Key Points:
- Deferred imitation is the ability of children to reproduce actions they’ve observed after a delay, offering insights into memory development and complex cognitive processes.
- Deferred imitation is more than mere copying; it showcases a child’s capacity to recall and replicate actions, aiding skill acquisition and the transmission of behaviors and traditions, while also providing valuable insights for developmental psychologists.
Imitation and observation are very important ways in which children learn and achieve a wide range of new behaviors. Learning through imitation is very efficient, because adults typically take complex behaviors and break them down to demonstrate actions that are appropriate for the child’s age and abilities. In many occasions, children do not respond to a behavior immediately, and so this information is stored in the long-term memory – that’s when deferred imitation comes in.
What is deferred imitation?
Deferred imitation is defined by the American Psychological Association as a modeled action or series of actions that are reproduced after a certain delay of minutes, hours, or days after viewing the behavior.

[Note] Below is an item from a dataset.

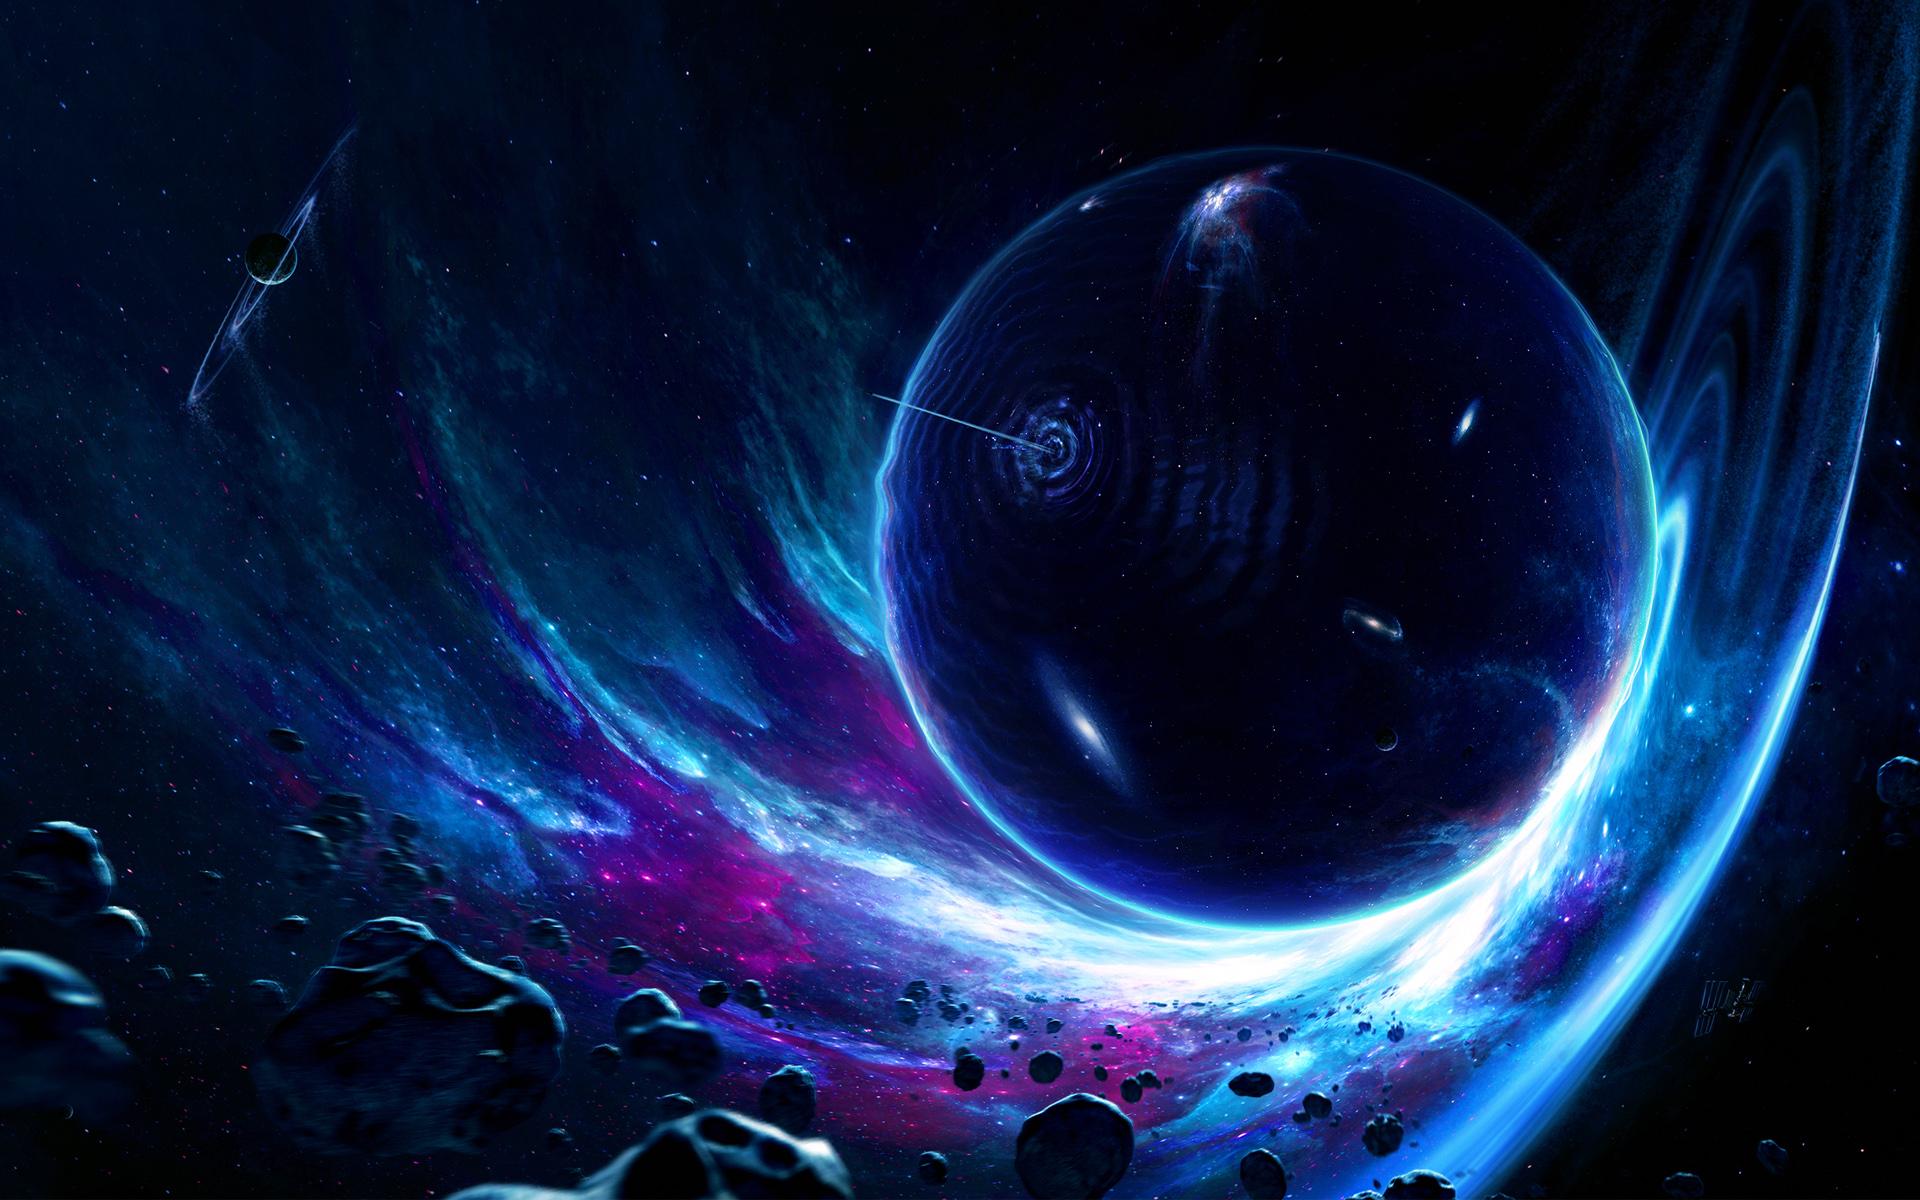 Wormhole5475518584 - Wormhole - Wormhole, Space

This skill is relevant to scientists and theorists because infants and children aren’t always capable of imitating actions as soon as they happen, so the child must be able to imitate long after the action or ability has been displayed by an adult.
This is why deferred imitation is widely used in studies that investigate memory development in children. Deferred imitation can be considered as a way of observing long-term memory in children.
In 1962 Jean Piaget proposed that deferred imitation developed in infants approximately at about 16 to 24 months; but studies investigating this behavior in younger infants (9 to 14 months old) have found that deferred imitation of simple tasks can sometimes be observed in babies late in their first year of life.
You may notice that, as the age of your little one increases, so does the length of time they are able to retain and reproduce specific actions. For example, children that are eight months old will only show deferred imitation after up to two weeks; but at 24 months, toddlers will be able to imitate after delays of up to two to three months.
More than imitation
The beauty behind deferred imitation is that it can give you a tremendous amount of insight into your little one’s development. It symbolizes an underlying complex cognitive process.
It has been theorized that imitation may also be an important channel for early social learning. It seems that observation has a great effect on skill acquisition and, in some cases, even more so than conditioning or trial and error.
Also, the capacity that children have to imitate after a delay is remarkable, because they appear to be able to show deferred imitation even after changes in the environment and stimuli have been made.
What are the implications of deferred imitation?
When your baby is able to imitate what they saw you do a day or a week before, they show that they’ve acquired the ability to retain the information, recall it, and reproduce it without a guide later on. Closing a flap, pushing a button, or shaking an object after seeing an adult doing it a while before, are simple acts that demonstrate a cognitive process, as well as physical one.
Deferred imitation taps more into “recalling” abilities than recognition per se. Your baby must do something more than simply discriminate between a familiar and an unknown object, he must use his motor skills to reproduce the act they saw earlier.
For starters, deferred imitation emphasizes your baby’s ability to acquire new skills or patterns of behavior through observation. Even from a young age, babies are encoding many of the stimuli that are happening around them, to retain and repeat later.
During the process of deferred imitation, your little one isn’t just copying what is currently happening; instead, they are recalling and repeating the act some time after they see it. That is why deferred imitation may reveal a more complex underlying cognitive process.
Deferred imitation is a fundamental process, since it can contribute to the transmission of behaviors and development of traditions, because it allows for actions to be reproduced by individuals at a very young age and at a different time and location from when and where they were first witnessed.
The continued study of deferred imitation is essential for scientists and developmental psychologists to gain further understanding of the trajectory of the way memory develops in children. Learning about this process also allows you to appreciate every new advance and gesture, no matter how small, since now you know how these represent big steps forward in your baby’s development.